Tutorial: Access Data Lake Storage Gen2 data with Azure Databricks using Spark

This tutorial shows you how to connect your Azure Databricks cluster to data stored in an Azure storage account that has Azure Data Lake Storage Gen2 enabled. This connection enables you to natively run queries and analytics from your cluster on your data.

In this tutorial, you will:

  • Create a Databricks cluster
  • Ingest unstructured data into a storage account
  • Run analytics on your data in Blob storage

If you don’t have an Azure subscription, create a free account before you begin.

Prerequisites

Download the flight data

This tutorial uses flight data from the Bureau of Transportation Statistics to demonstrate how to perform an ETL operation. You must download this data to complete the tutorial.

  1. Go to Research and Innovative Technology Administration, Bureau of Transportation Statistics.

  2. Select the Prezipped File check box to select all data fields.

  3. Select the Download button and save the results to your computer.

  4. Unzip the contents of the zipped file and make a note of the file name and the path of the file. You need this information in a later step.

Create an Azure Databricks service

In this section, you create an Azure Databricks service by using the Azure portal.

  1. In the Azure portal, select Create a resource > Analytics > Azure Databricks.

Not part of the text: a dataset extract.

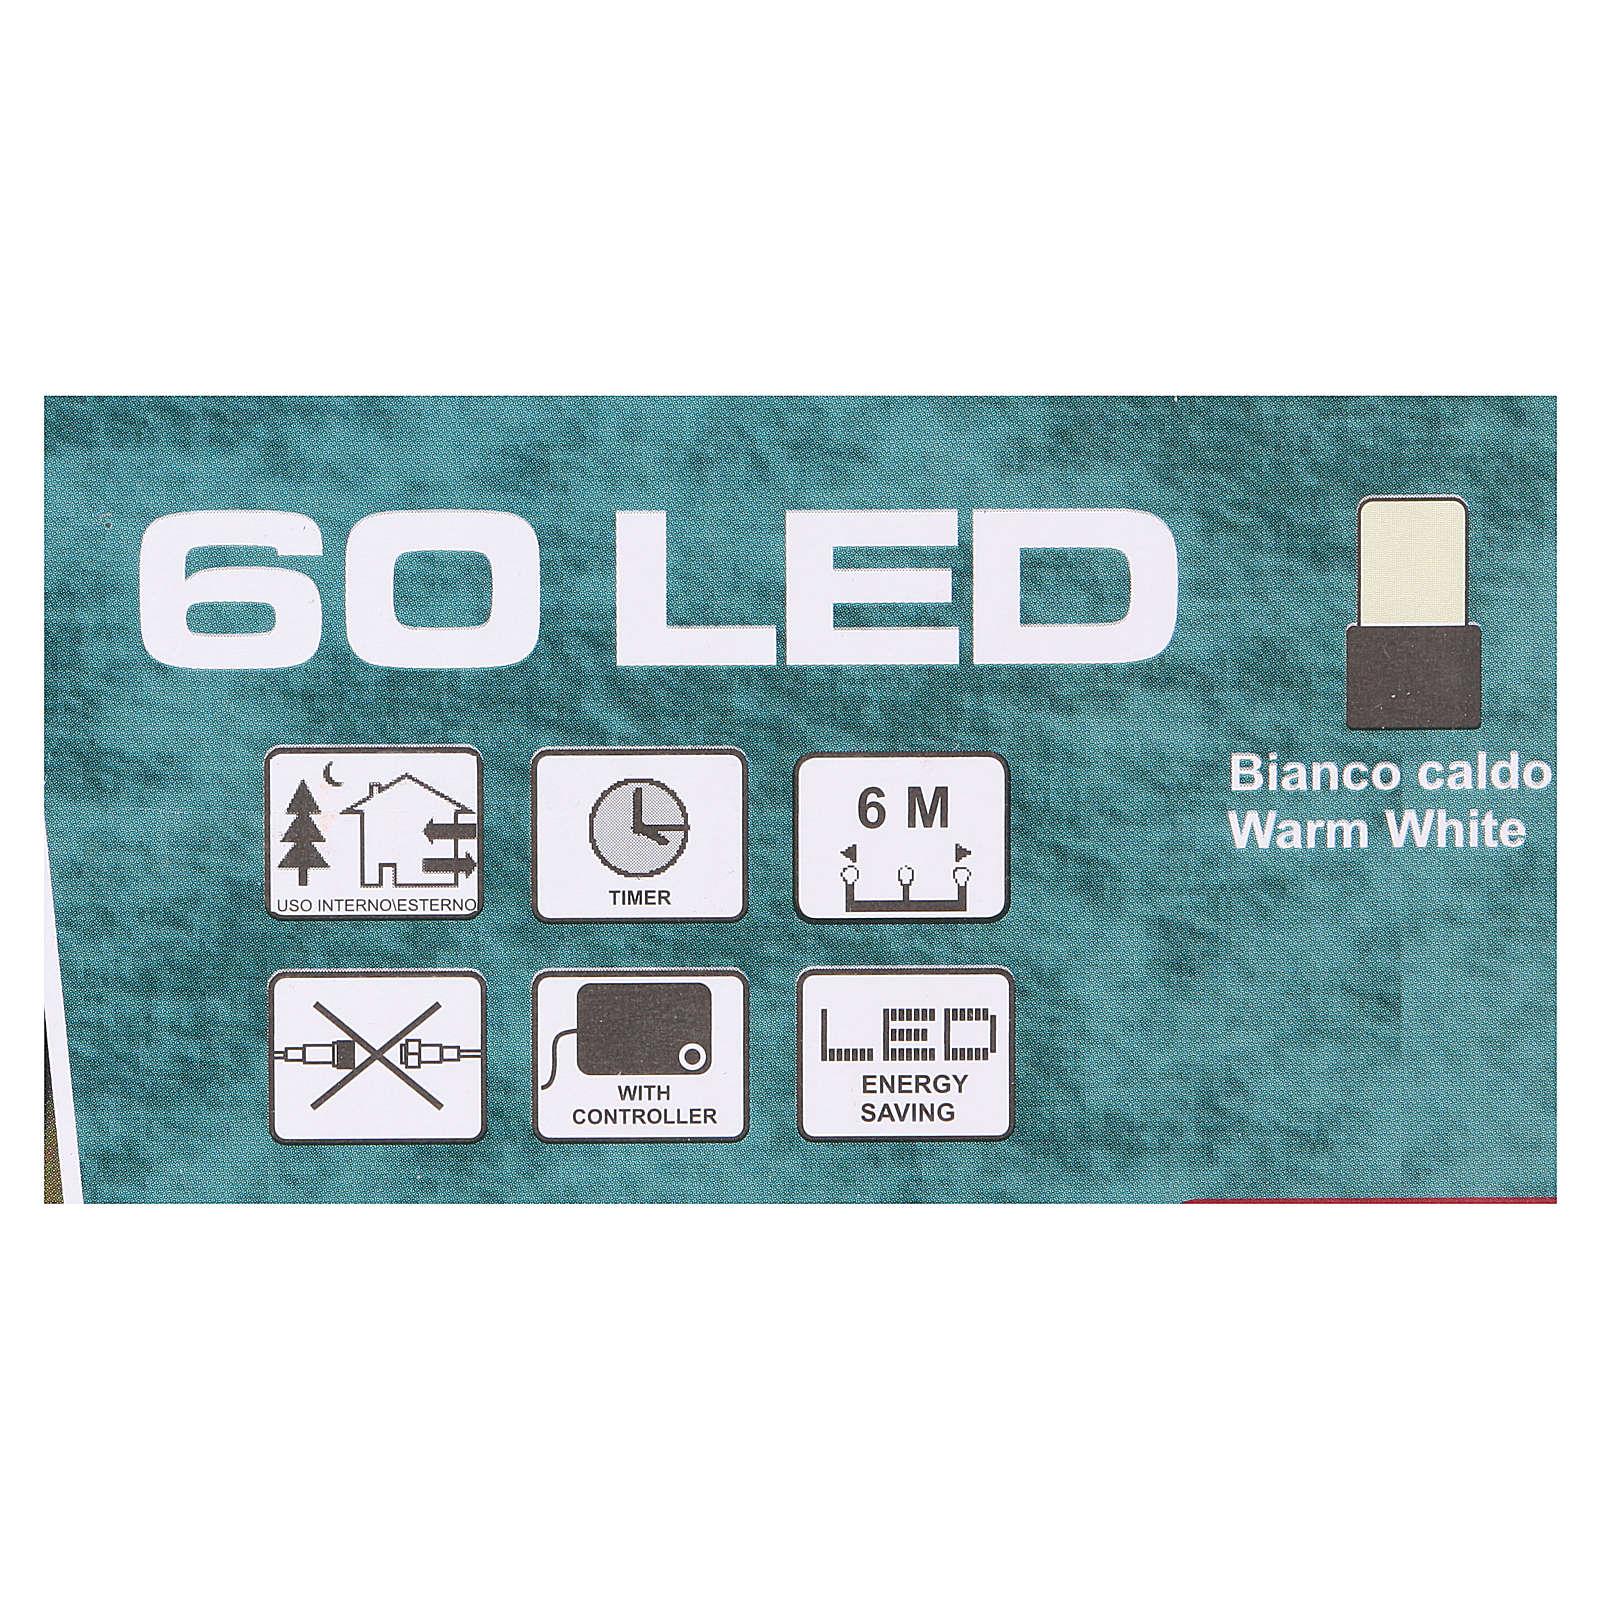 Luz de Navidad cadena verde 60 led blancos cálidos exterior batería 6 m 3

    Databricks on Azure portal

  2. Under Azure Databricks Service, provide the following values to create a Databricks service:

    Property Description
    Workspace name Provide a name for your Databricks workspace.
    Subscription From the drop-down, select your Azure subscription.
    Resource group Specify whether you want to create a new resource group or use an existing one. A resource group is a container that holds related resources for an Azure solution. For more information, see Azure Resource Group overview.
    Location Select West US 2. For other available regions, see Azure services available by region.
    Pricing Tier Select Standard.

    Create an Azure Databricks workspace

  3. The account creation takes a few minutes. To monitor the operation status, view the progress bar at the top.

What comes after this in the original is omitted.